Le Parlement grec a adopté (229 "pour", 64 "non", 6 abstentions), dans la nuit de mercredi à jeudi, une série de réformes demandées par les créanciers de la Grèce en préalable à un nouveau plan d'aide portant sur au moins 80 milliards d'euros.

Selon un premier calcul, 229 députés ont validé le texte, 6 se sont abstenus et 64, dont l'ancien ministre des Finances Yanis Varoufakis et la présidente du Parlement Zoé Konstantopoulou, ont voté contre ces mesures, notamment des hausses de TVA et une réforme des retraites. Ce n'est qu'après minuit 30 que la présidente de l'Assemblée a appelé les députés à voter, dépassant donc de quelques minutes la deadline fixée par les créanciers.
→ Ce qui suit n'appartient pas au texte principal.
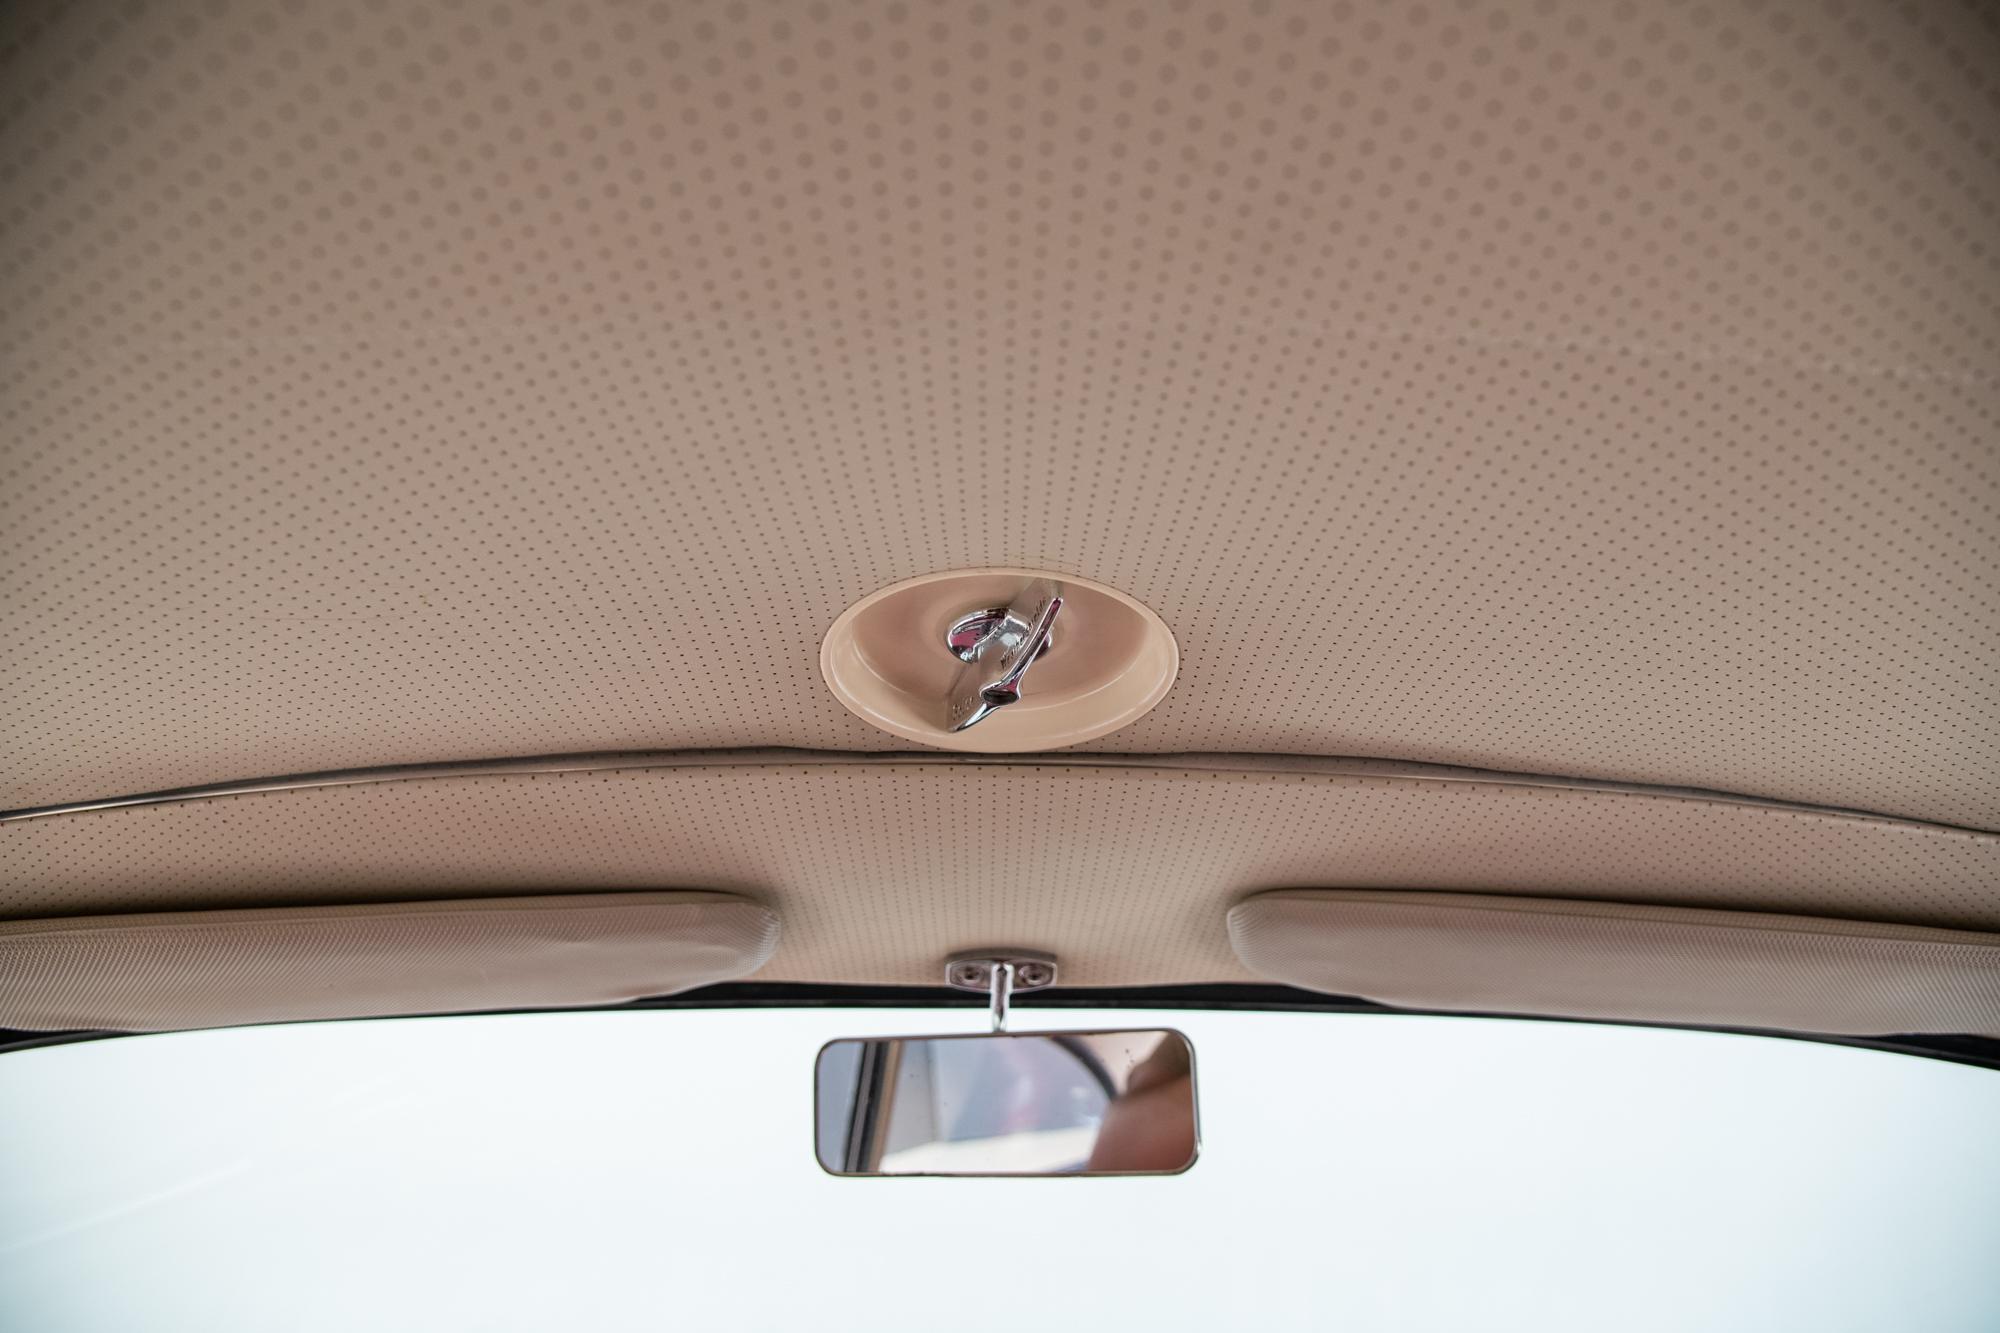 1958 Porsche 356A Super , IVORY, VIN 101893, MILEAGE 29904

Tsipras demande de supporter le "fardeau"

Avant cela, au sein de la Vouli, le Parlement grec, avaient eu lieu des déclarations de personnalités de différents partis.

Alexis Tsipras a pris la parole peu avant minuit, admettant que "beaucoup d’erreurs" avaient été commises et qu'il ne "fuit pas ses responsabilités”. Le Premier ministre a tenté de rassurer les députés grecs, et surtout ceux de sa propre formation, Syriza. M. Tsipras a invité ses collègues à supporter le "fardeau" que constitue ce troisième plan d'aide et à voter en faveur de l'accord intervenu lundi matin à Bruxelles.

Voici quelques-unes de ses déclarations :

- "Nous nous sommes battus contre le FMI. Je suis fier du combat nous avons mené."

- "Nous avons laissé un héritage de dignité et de démocratie. Nous avons planté une graine qui grandira en Europe."

- "Ce gouvernement va faire de son mieux pour que la Grèce ne soit pas une proie pour les autres Européens."

- "Le peuple grec sait distinguer ceux qui perdent une bataille déséquilibrée et ceux qui rendent les armes."

- "Je n'ai jamais cru que les étrangers devaient être blâmés pour tous les maux du pays. Le grand adversaire réside dans ces murs."

- "Il y avait d'abord deux solution : un accord auquel je ne croyais pas ou un défaut de payement, qui aurait rendu les choses incontrôlables. Ensuite, il y a eu une troisième option : une sortie de la Grèce. Si c'est ce que vous voulez, on peut le faire... Toutes cos options ont été un fardeau cette nuit-là (lors de la réunion de la zone euro dimanche soir). J'ai fait mon choix : ne pas conduire cette société à des choses encore pires, de l'amener au bord de la falaise."

- "Je serai le dernier à m'enfuir et je ne vais pas aider les gens qui veulent faire tomber ce gouvernement."

Alexis Tsipras a terminé son discours sous les applaudissements de nombreux représentants de Syriza. Il a également fait remarquer que la deadline (ce mercredi soir à minuit) pour se prononcer sur la proposition des créanciers était dépassée depuis quelques minutes et qu'il fallait maintenant voter. Le leader de Nouvelle Démocratie ne l'a pas entendu de cette oreille et a réclamé le droit à la parole, qui lui a été accordée. Il a notamment affirmé que "nous allons vous soutenir, mais vous nous prenez pour des idiots et nous ne le sommes pas".